Trabalhador (Brazilian worker)

My work experience in Brazil two years prior to my return in 1976 on a permanent visa had been somewhat predisposed with two-hour lunches, translators, and the best hotels and restaurants. My new project was near Belo Horizonte in the interior. This was far from the coastal cities and shantytowns surrounding them. A small-town guy could appreciate a place like this. The Brazilian government dictated the industrial location and foreign companies could build production plants if 60% of their production was for export. How else could you cure a trade imbalance?
My assignment was a conveyor installation at a new Fiat plant. After a brief introduction, I was in charge of thirty electricians and mechanics and the translator just walked away. Three weeks later, I had not heard a word of English above my own mumblings. I was speaking Portuguese at a level that provided a deeper understanding of those around me.
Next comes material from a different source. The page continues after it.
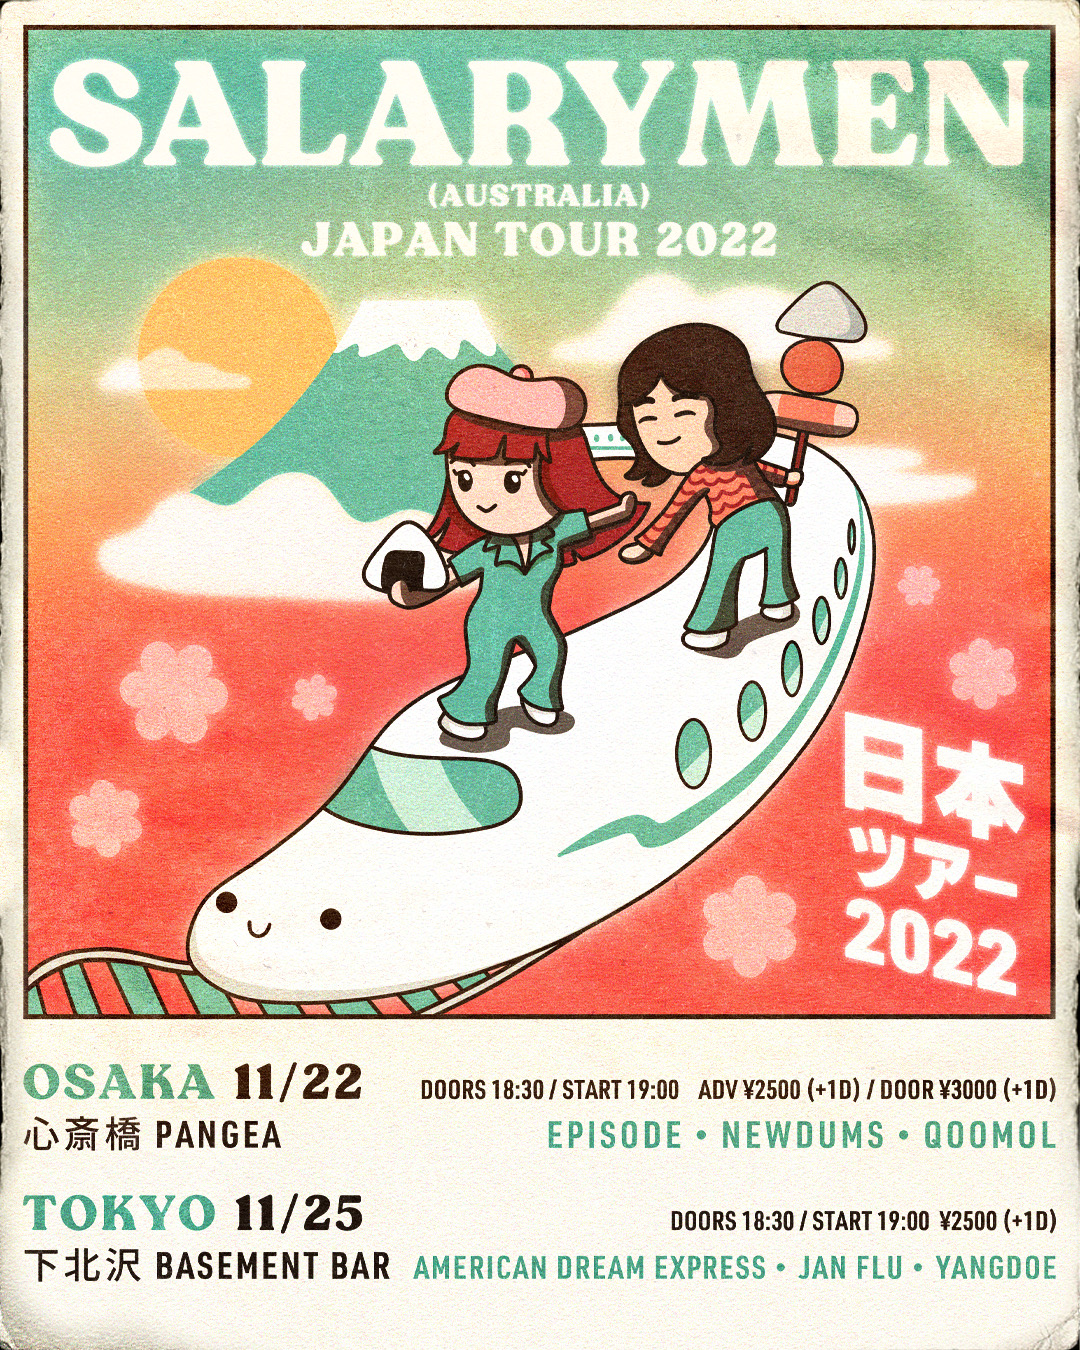 Salarymen JAPAN TOUR 2022

Contagem was the name given to this industrial area. An expressway was built from Belo and the airport to accommodate freight and people like me. I knew the right-of-way was afforded to vehicles. Pedestrians had to take their chances. With a six to six (dawn to dusk) workday, God helps those workers that crossed the expressway. I soon realized the people lying along the highway, sometimes covered, sometimes not) were workers who did not make it. With such menial jobs paying a few dollars a day, the people needed to walk many hours in the dark to get to work. Bus fare was not an option at the poverty level. One body lying there was more than enough to understand their strife.
An overhead conveyor system will run twenty feet above a plant floor and there we had three levels in places. Six feet below the trolley was a suspended access walkway of steel fencing material. In the States there would be side-rails but not here. Roberto de Piero and I were comparing notes at the end of the day. I saw a shadow from above then a pathetic thud. A short distance away was our trabalhador who simply walked off the edge. He was bleeding so profusely from his head I could not look but Roberto cuddled him like a baby. Medical help was an hour in coming. Insurance did not exist and disability had no compensation. We should not have allowed him to be up there. Delirium would set in after such a long workday, especially if he was one whose two-hour walk to work created a sixteen-hour day. Roberto was one of a very few supervisory people that held affection for the struggling working class from whence he came.
There was an attitude for workers to excel at all cost. We were without basic equipment. A hacksaw blade was a primary tool. With only a blade, a good mechanic could cut through a two inch I-beam in an hour, sometimes less, but hands bleeding. Everyday there was a line of people waiting to replace a fallen comrade.
I have forgotten, but I will guess his name to be Itimal. A good electrician, I took as an understudy. A code reading system for carrier routing required an intelligent guy like him. I had returned from lunch which by now was a fifteen minute snack of rice and beans, to see Itimal trying to repair a code reader with the conveyor running. His back was to an approaching carrier; I dove for the emergency stop but too late to save his ring finger. I saw him six months later doing well without the digit.
Maybe I too was under duress from the Fiat people pushing the project. Italians were not redeemed until a recent trip to Northern Italy.